» Data extract:
+ + + + +

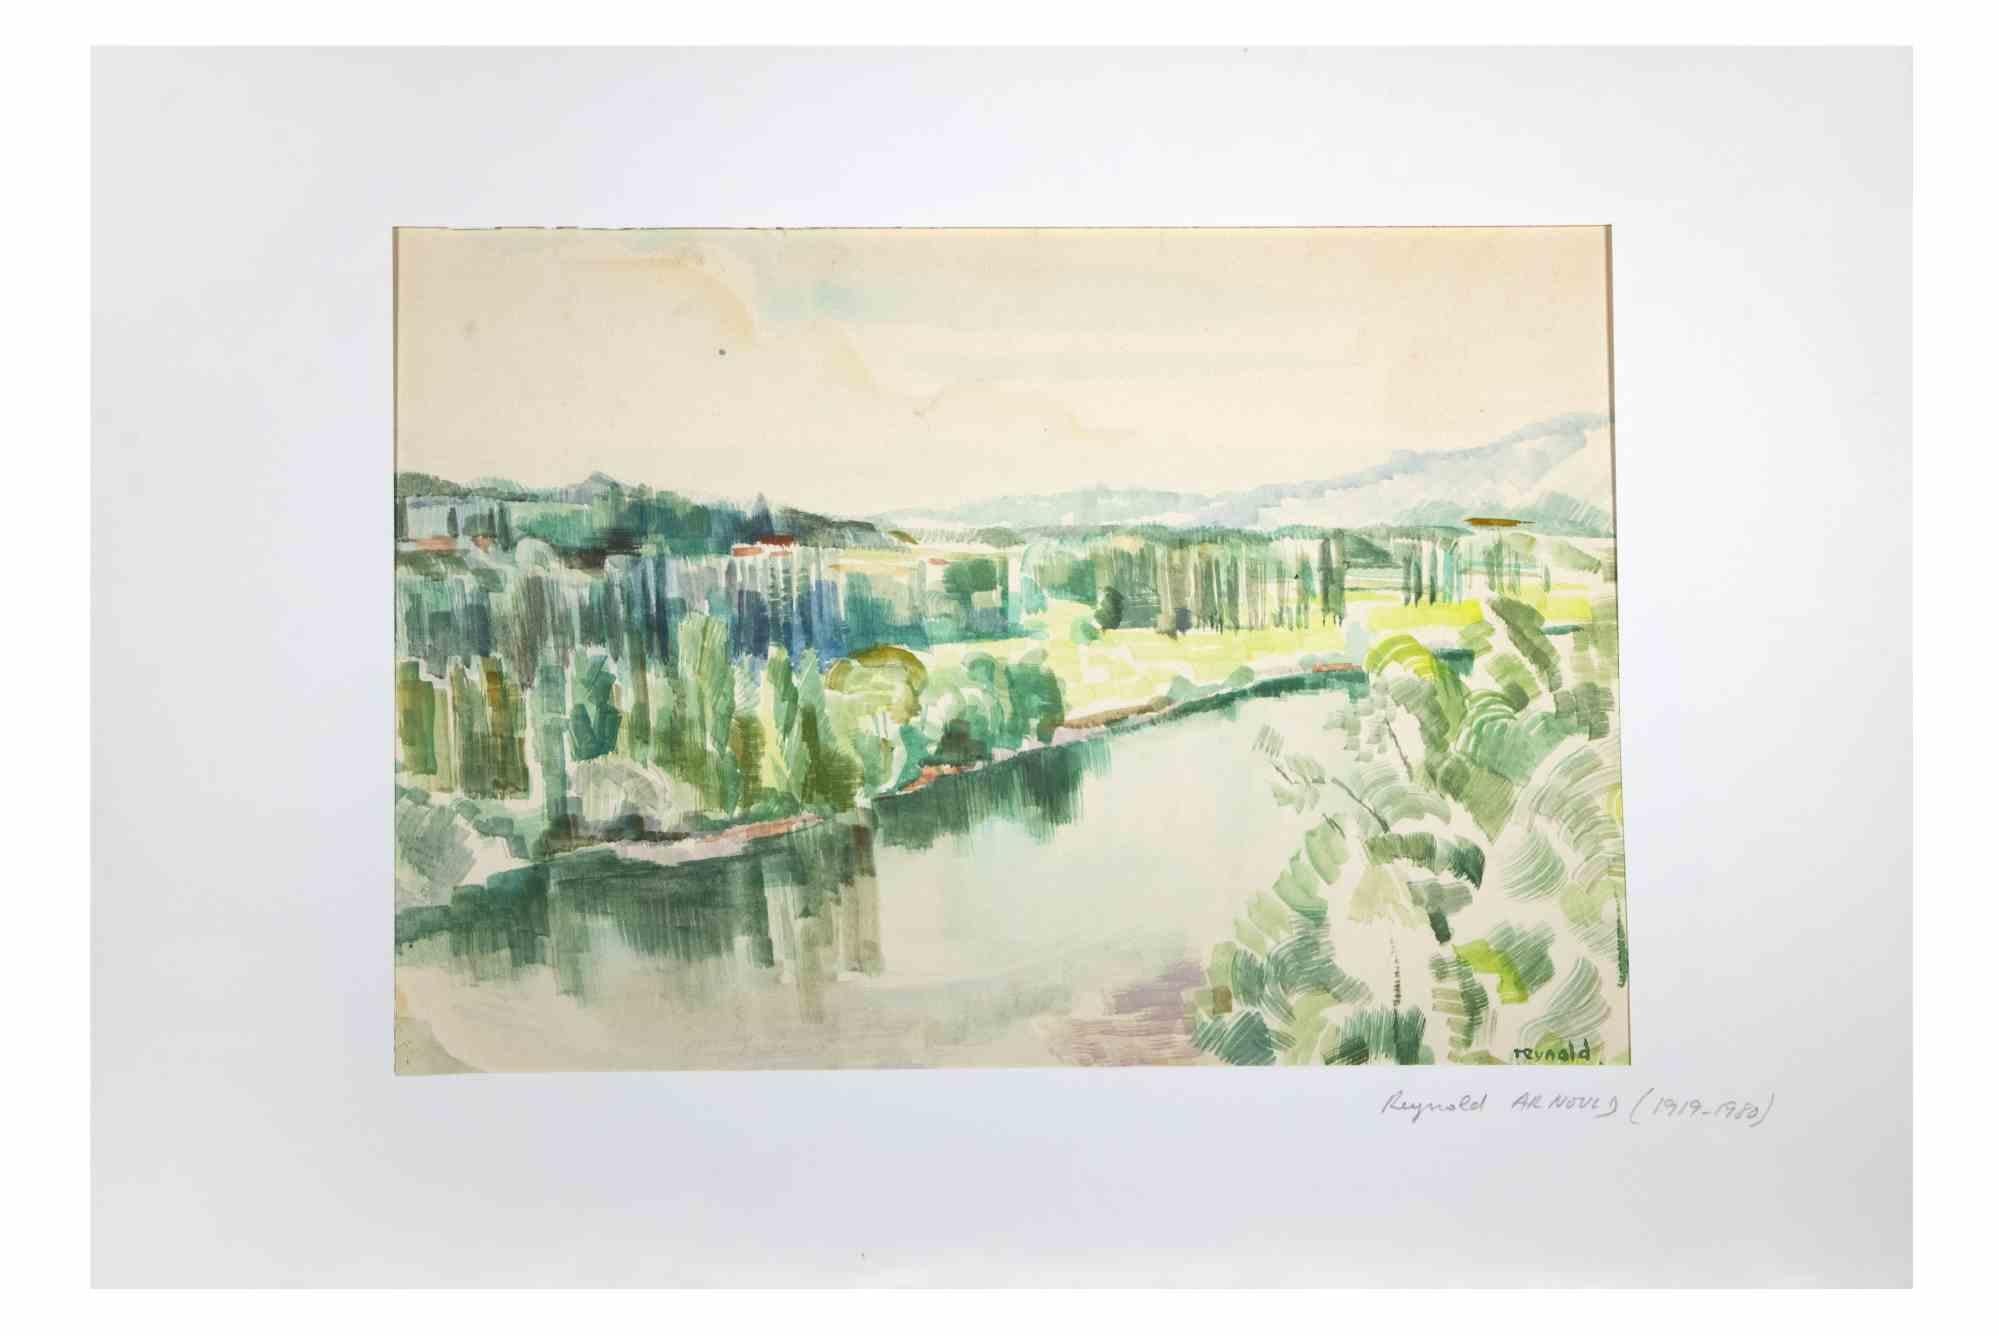 Landscape is a Watercolor artwork realized by Reynold Arnould  (Le Havre 1919 - Parigi 1980) in 1960.

Good condition included a white cardboard passpartout (35x51 cm).

Hand-signed by the artist on the lower right corner.

Reynold Arnould was born

+ + + + +

Set down each line from the line containing "Good condition included" through the final line of the data, exactly and with nothing added.

Good condition included a white cardboard passpartout (35x51 cm).

Hand-signed by the artist on the lower right corner.

Reynold Arnould was born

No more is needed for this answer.